Graves v. Brown

KRAMER, Judge,

dissenting:

There are three bases for the severance of service connection: (1) clear and unmistakable error (CUE) in a prior determination, pursuant to 38 C.P.R. § 3.105(a), (d) (1993); (2) change in diagnosis in light of all accumulated evidence indicating that the diagnosis on which service connection was predicated is clearly erroneous, pursuant to 38 C.F.R. § 3.105(d); and (3) fraud, pursuant to 38 C.F.R. § 3.957 (1993). In its decision severing service connection, the Board of Veterans’ Appeals (BVA) concluded that the October 1986 Regional Office (RO) determination granting service connection was predicated upon CUE. In reaching that conclusion, the BVA extensively reweighed facts without analyzing the prior determination and simply concluded that “[t]he record is clear that veteran’s current back problems began with his postservice injury.” Oliver G. Graves, BVA_-_, at 8 (Jan. 3, 1992). However, in Russell v. Principi, 3 Vet.App. 310, 313 (1992) (en banc), the Court specifically precluded this approach by stating that “a disagreement as to how the facts were weighed or evaluated” was insufficient to support a CUE determination.

In Russell, supra, at 313-14, this Court formulated a three-pronged test to determine the presence of CUE in a prior determination: (1) “[e]ither the correct facts, as they were known at the time, were not before the adjudicator or the statutory or regulatory provisions extant at the time were incorrectly applied;” (2) CUE must be the sort of error which, had it not been made, “would have manifestly changed the outcome at the time it was made;” and (3) a determination that there was CUE must be based on the record and the law that existed at the time of the prior decision. As the BVA decision was rendered prior to the Court’s decision in Russell, supra, the CUE test formulated in that case was not applied. Nevertheless, the failure to apply this test cannot be obviated. See Karnas v. Derwinski, 1 Vet.App. 308 (1991).

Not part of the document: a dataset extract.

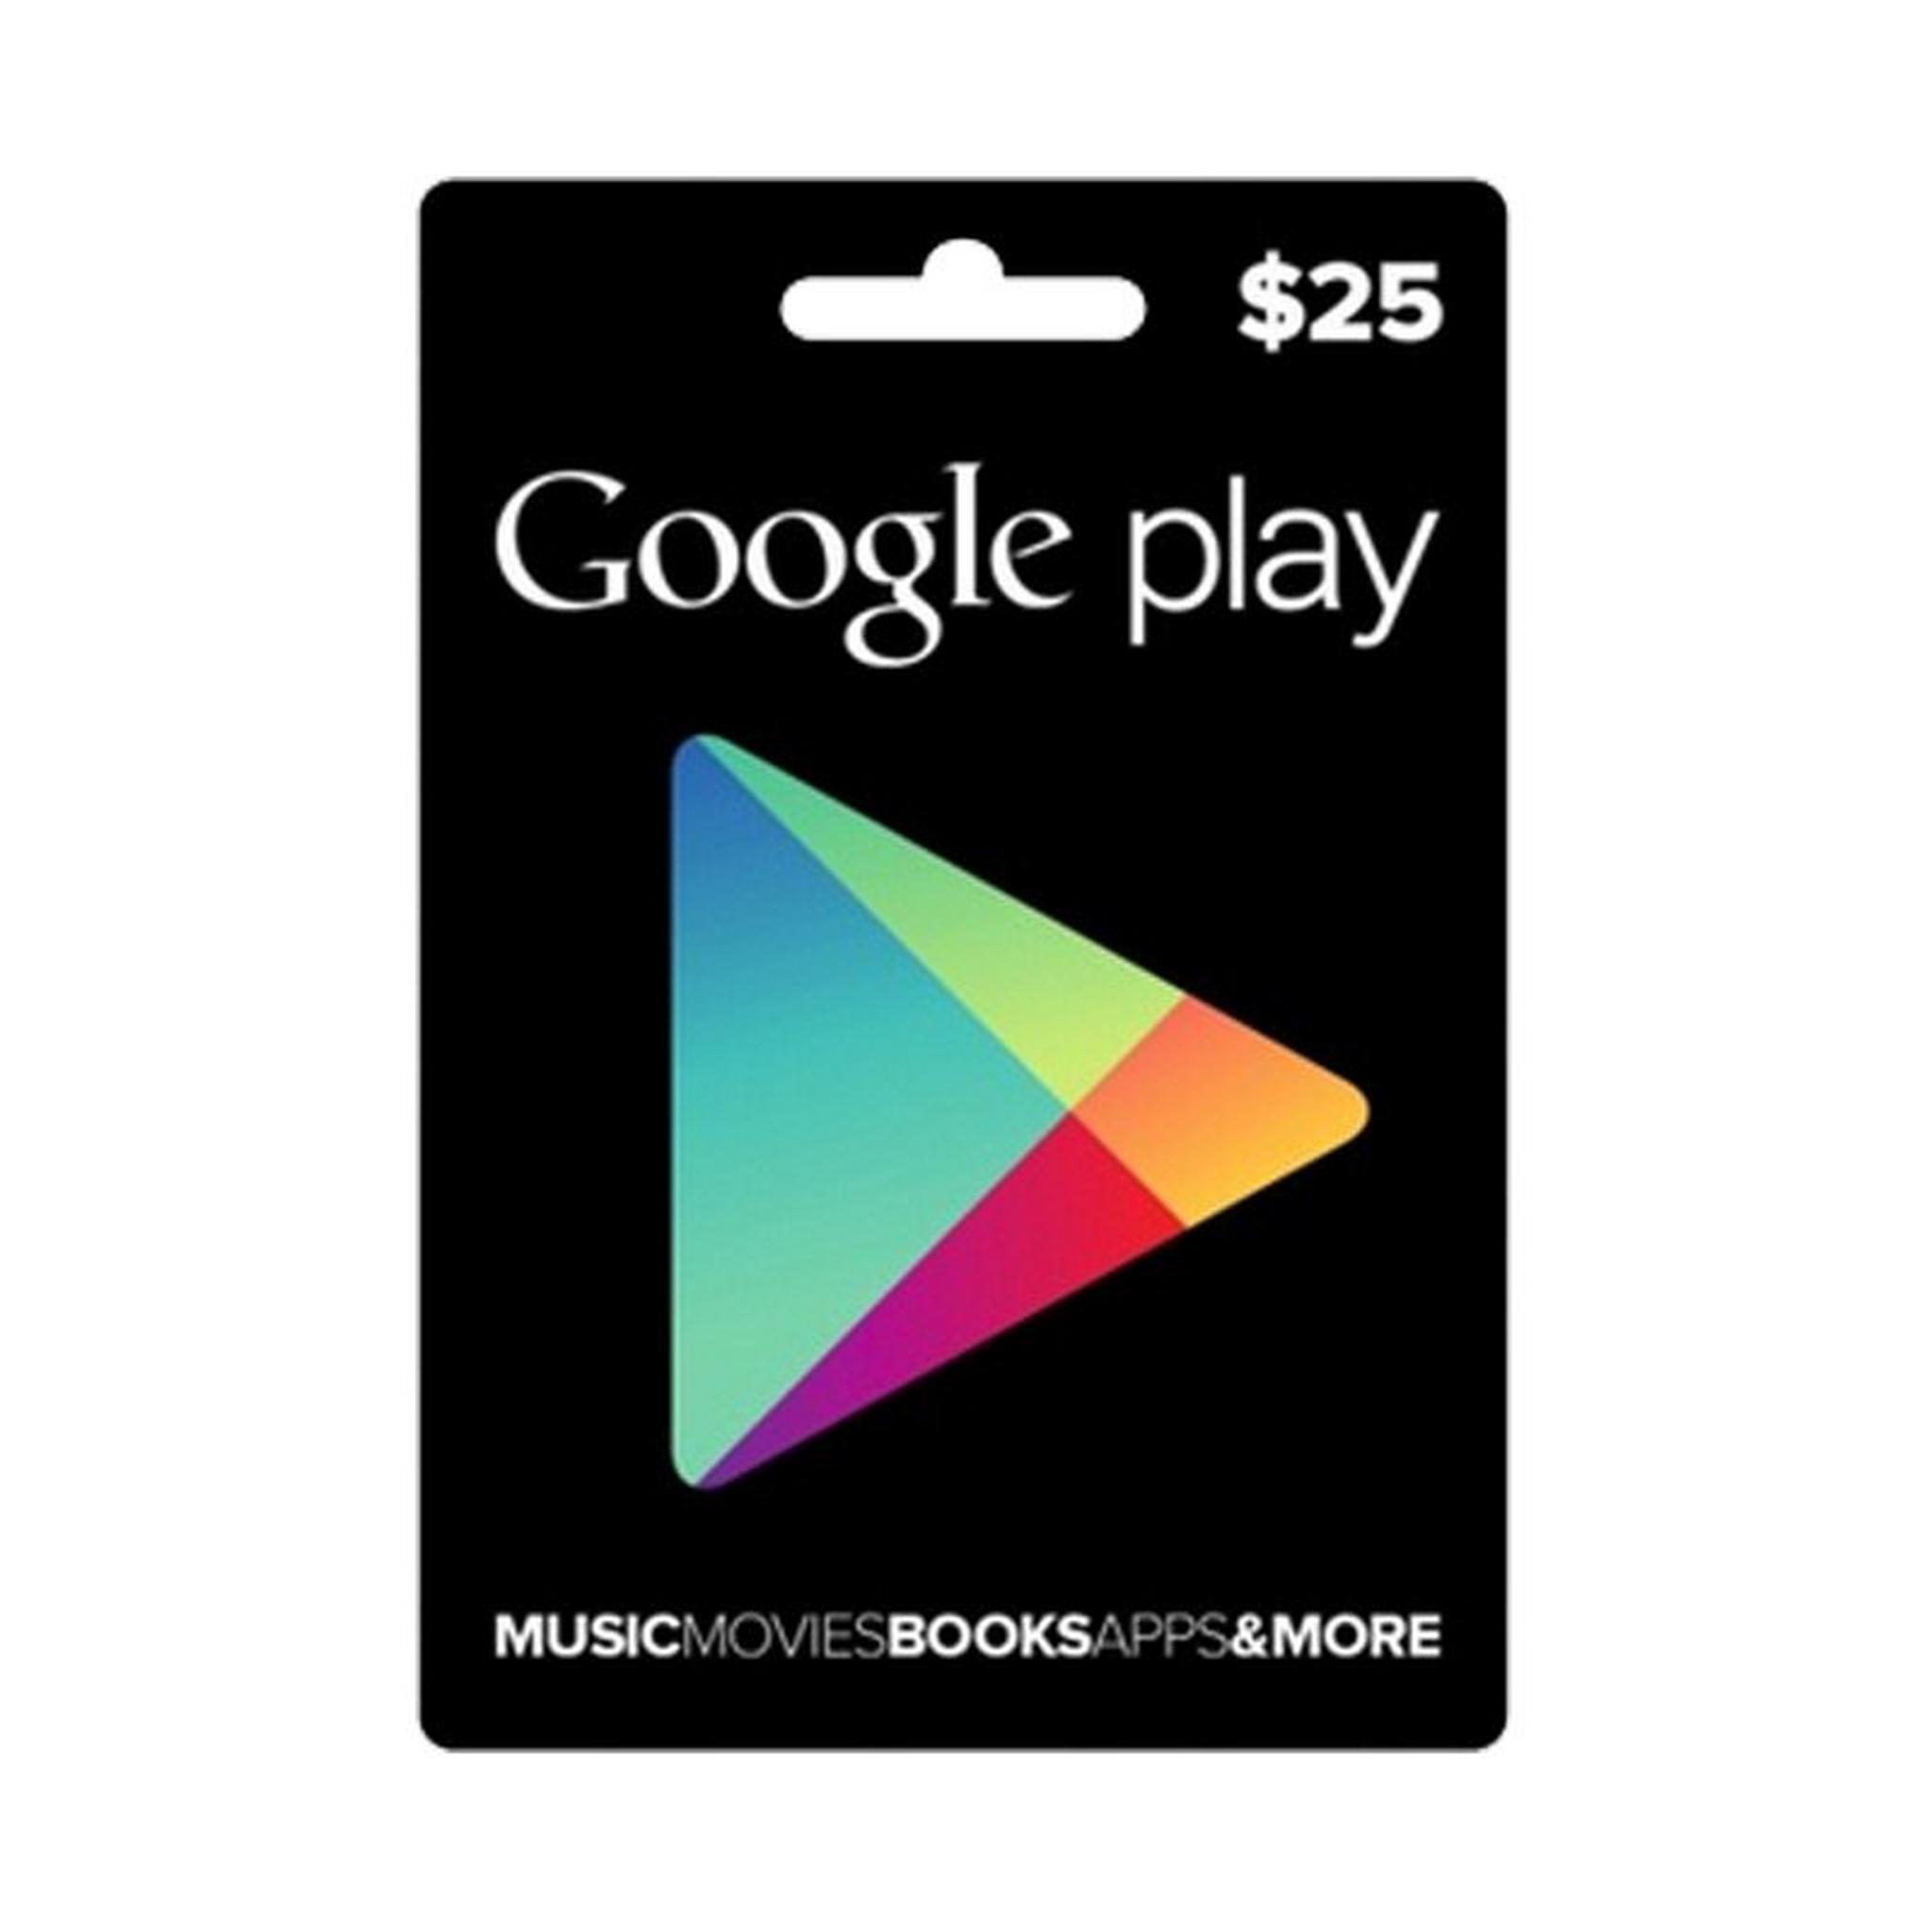 بطاقة جوجل بلاي الرقمية  - ٢٥ دولار (حساب أمريكي)

The majority suggests that because the 1986 RO determination did not include a history of a back injury in 1979, this informa*173tion might not have been known to the adjudicator. However, this failure to recite history is irrelevant because the RO clearly knew of the 1979 injury, as this information was contained in a VA medical examination report dated prior to the RO decision. R. at 96. As the correct facts were before the adjudicator, CUE cannot be sustained on the basis of the majority’s conjecture.

I would remand for proceedings consistent with the above analysis.